By showing code to correctly calculate real PageRank I hope to achieve several things in this response:





  1. Clearly explain how PageRank is calculated.
  2. Go
    through every example in Chris’ paper, and add some more of my own,
    showing the correct PageRank for each diagram. By showing the code used
    to calculate each diagram I’ve opened myself up to peer review - mostly
    in an effort to make sure the examples are correct, but also because
    the code can help explain the PageRank calculations.
  3. Describe some principles and observations on website design based on these correctly calculated examples.




Any
good web designer should take the time to fully understand how PageRank
really works - if you don’t then your site’s layout could be seriously
hurting your Google listings!




[Note: I have nothing in particular against Chris. If I find any other papers on the subject I’ll try to comment evenly]




How is PageRank Used?




PageRank
is one of the methods Google uses to determine a page’s relevance or
importance. It is only one part of the story when it comes to the
Google listing, but the other aspects are discussed elsewhere (and are
ever changing) and PageRank is interesting enough to deserve a paper of
its own.




PageRank is also displayed on the toolbar of your browser if you’ve installed the Google toolbar (https://toolbar.google.com/). But the Toolbar PageRank only goes from 0 – 10
and seems to be something like a logarithmic scale:




































Toolbar PageRank
(log base 10)



Real PageRank



0



0 - 10



1



100 - 1,000



2



1,000 - 10,000



3



10,000 - 100,000



4



and so on...





We
can’t know the exact details of the scale because, as we’ll see later,
the maximum PR of all pages on the web changes every month when Google
does its re-indexing! If we presume the scale is logarithmic (although
there is only anecdotal evidence for this at the time of writing) then
Google could simply give the highest actual PR page a toolbar PR of 10
and scale the rest appropriately.




Also
the toolbar sometimes guesses! The toolbar often shows me a Toolbar PR
for pages I’ve only just uploaded and cannot possibly be in the index
yet!




What seems to be happening
is that the toolbar looks at the URL of the page the browser is
displaying and strips off everything down the last “/” (i.e. it goes to
the “parent” page in URL terms). If Google has a Toolbar PR for that
parent then it subtracts 1 and shows that as the Toolbar PR for this
page. If there’s no PR for the parent it goes to the parent’s parent’s
page, but subtracting 2, and so on all the way up to the root of your
site.  If it can’t find a Toolbar PR to display in this way, that is if
it doesn’t find a page with a real calculated PR, then the bar is
greyed out.




Note
that if the Toolbar is guessing in this way, the Actual PR of the page
is 0 - though its PR will be calculated shortly after the Google spider
first sees it.




PageRank says
nothing about the content or size of a page, the language it’s written
in, or the text used in the anchor of a link!




Definitions




I’ve
started to use some technical terms and shorthand in this paper. Now’s
as good a time as any to define all the terms I’ll use:
























PR:



Shorthand
for PageRank: the actual, real, page rank for each page as calculated
by Google. As we’ll see later this can range from 0.15 to billions.



Toolbar PR:



The PageRank displayed in the Google toolbar in your browser. This ranges from 0 to 10.



Backlink:



If page A links out to page B, then page B is said to have a “backlink” from page A.

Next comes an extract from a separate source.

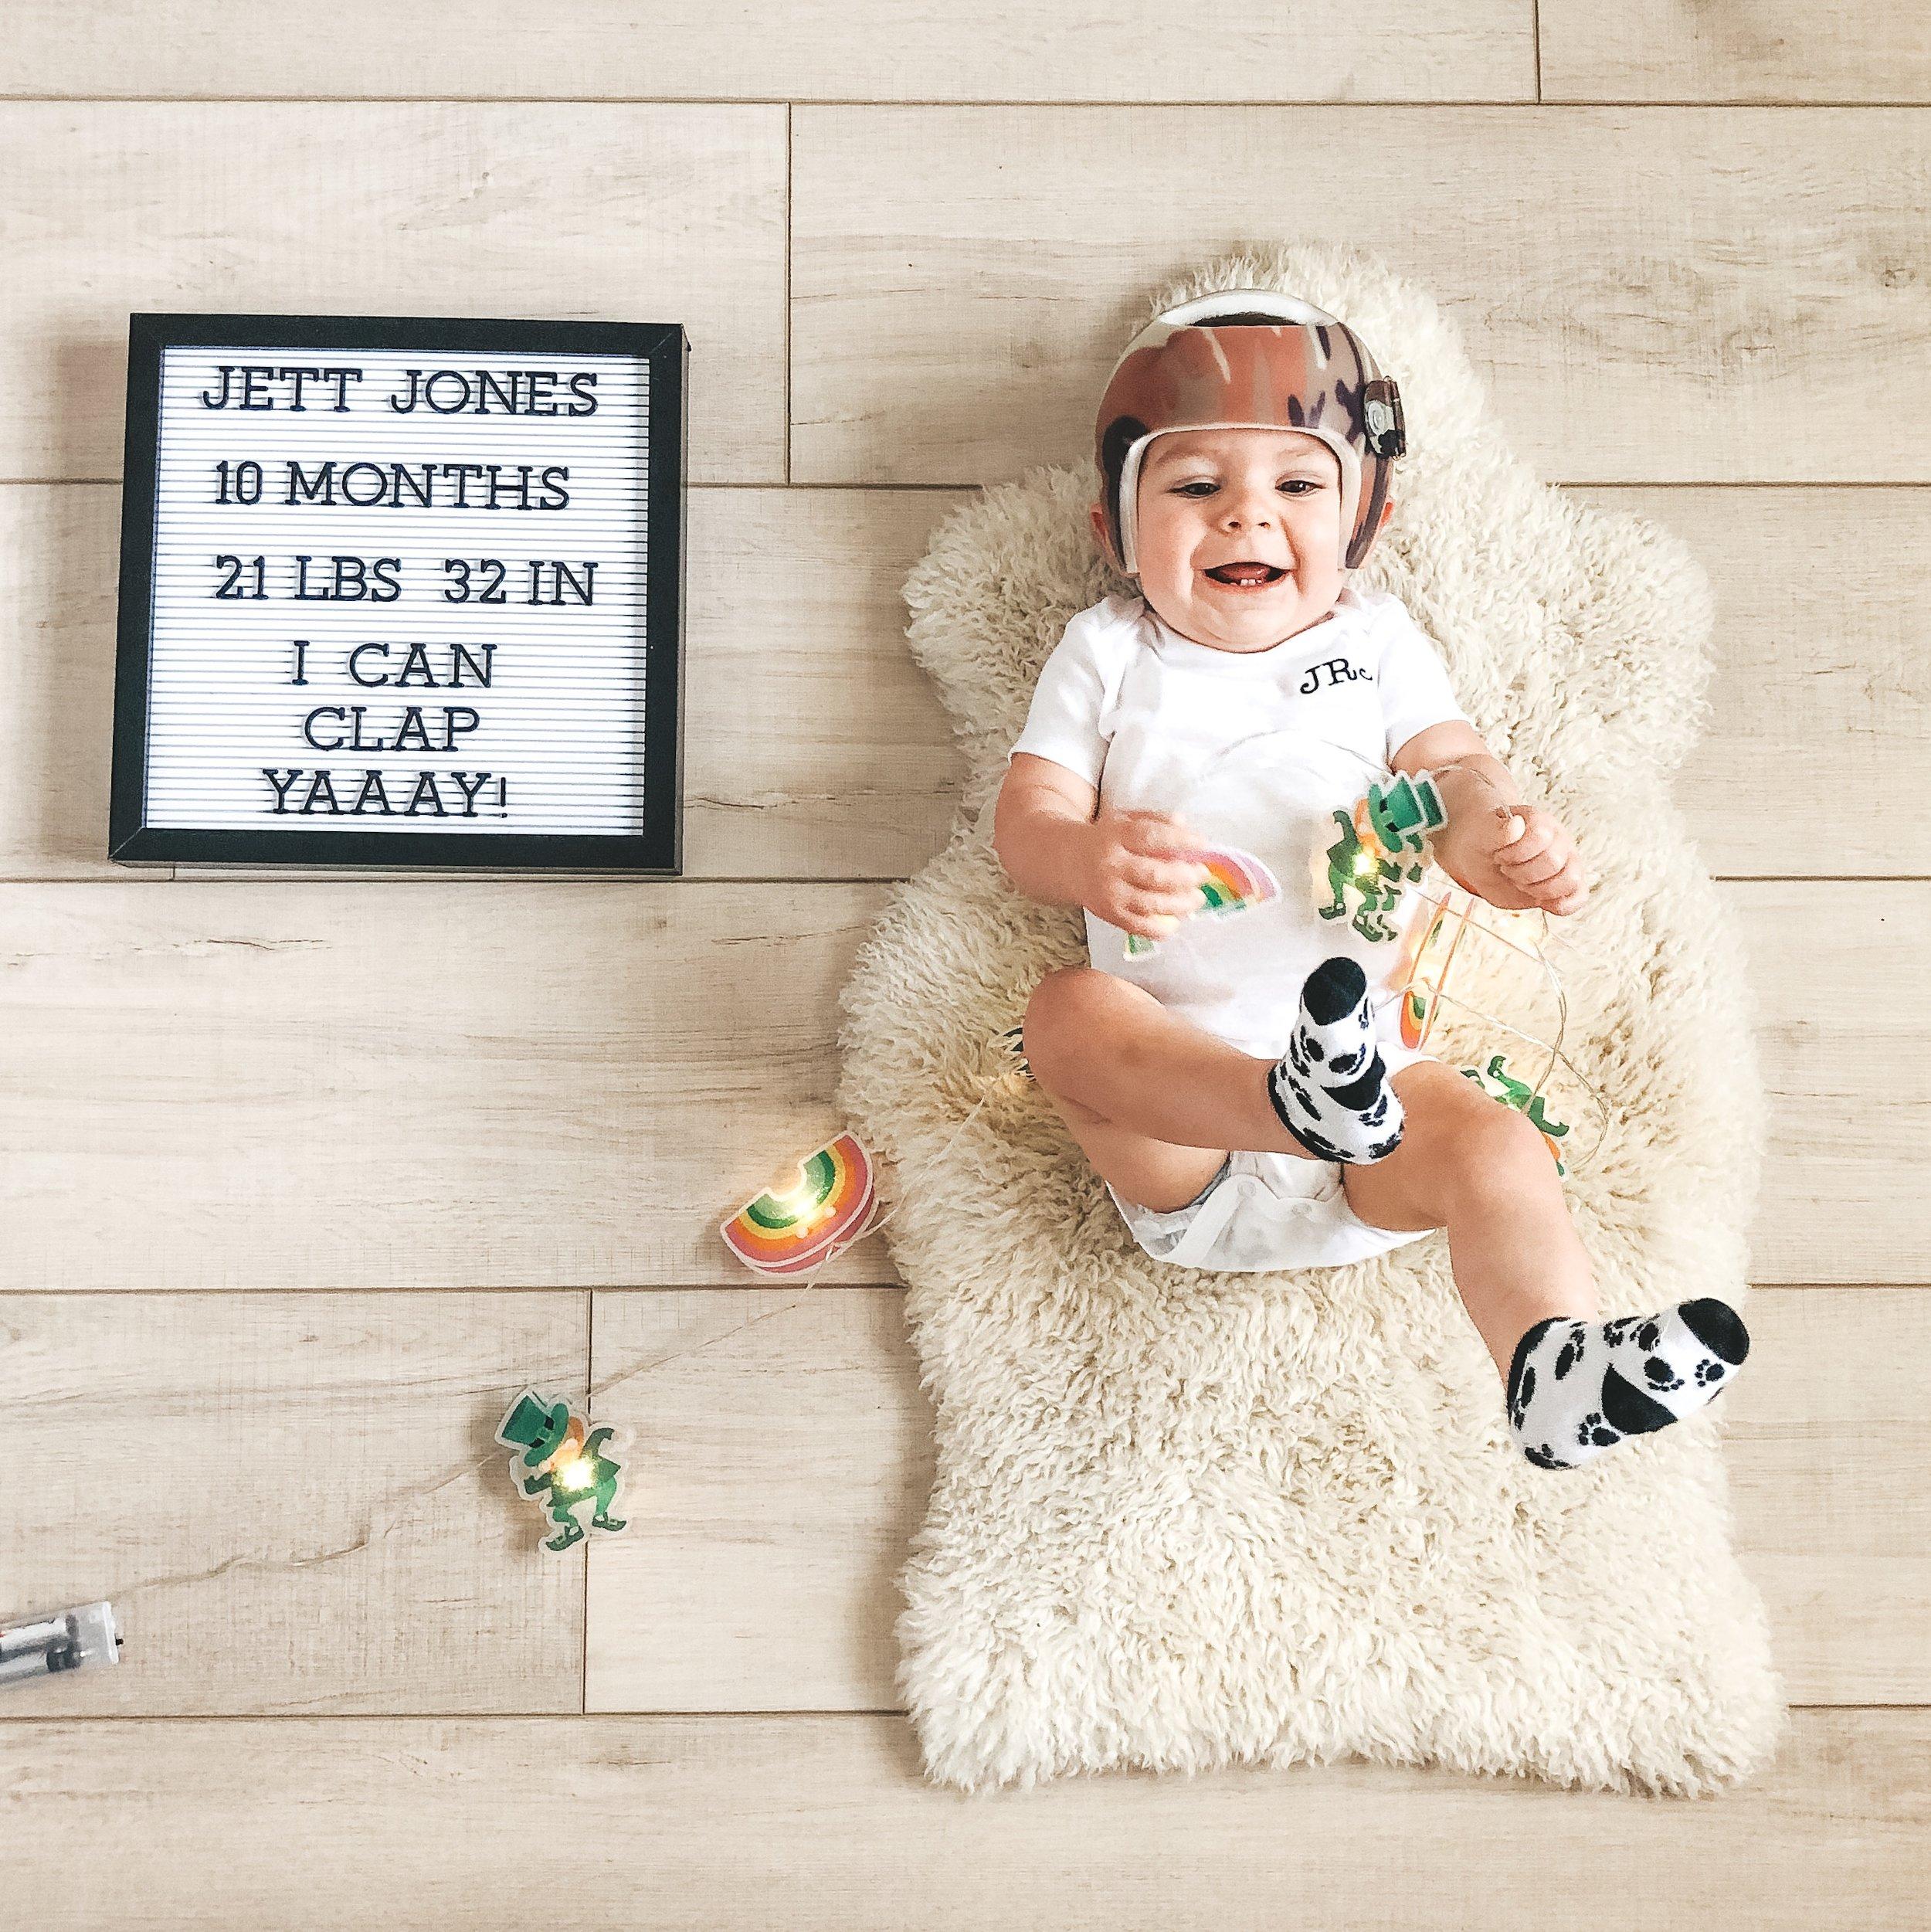 Jett Jones 10 months old.  Monthly photos in March.

That’s enough of that, let’s get back to the meat…




So what is PageRank?




In
short PageRank is a “vote”, by all the other pages on the Web, about
how important a page is. A link to a page counts as a vote of support.
If there’s no link there’s no support (but it’s an abstention from
voting rather than a vote against the page).

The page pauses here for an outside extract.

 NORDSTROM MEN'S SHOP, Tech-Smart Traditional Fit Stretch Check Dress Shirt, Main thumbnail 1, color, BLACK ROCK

Quoting from the original Google paper, PageRank is defined like this:





    We
    assume page A has pages T1...Tn which point to it (i.e., are
    citations). The parameter d is a damping factor which can be set
    between 0 and 1. We usually set d to 0.85. There are more details about
    d in the next section. Also C(A) is defined as the number of links
    going out of page A. The PageRank of a page A is given as follows:

    PR(A) = (1-d) + d (PR(T1)/C(T1) + ... + PR(Tn)/C(Tn))

    Note that the PageRanks form a probability distribution over web pages, so the sum of all web pages' PageRanks will be one.

    PageRank
    or PR(A) can be calculated using a simple iterative algorithm, and
    corresponds to the principal eigenvector of the normalized link matrix
    of the web.





but that’s not too helpful so let’s break it down into sections.





  1. PR(Tn)
    - Each page has a notion of its own self-importance. That’s “PR(T1)”
    for the first page in the web all the way up to “PR(Tn)” for the last
    page
  2. C(Tn) - Each page
    spreads its vote out evenly amongst all of it’s outgoing links. The
    count, or number, of outgoing links for page 1 is “C(T1)”, “C(Tn)” for
    page n, and so on for all pages.
  3. PR(Tn)/C(Tn) - so if our page (page A) has a backlink from page “n” the share of the vote page A will get is “PR(Tn)/C(Tn)”
  4. d(...
    - All these fractions of votes are added together but, to stop the
    other pages having too much influence, this total vote is “damped down”
    by multiplying it by 0.85 (the factor “d”)
  5. (1 - d) - The (1 – d) bit at the beginning is a bit of probability math magic so the “sum of all web pages' PageRanks will be one”: it adds in the bit lost by the d(....
    It also means that if a page has no links to it (no backlinks) even
    then it will still get a small PR of 0.15 (i.e. 1 – 0.85). (Aside: the
    Google paper says “the sum of all pages” but they mean the “the
    normalised sum” – otherwise known as “the average” to you and me.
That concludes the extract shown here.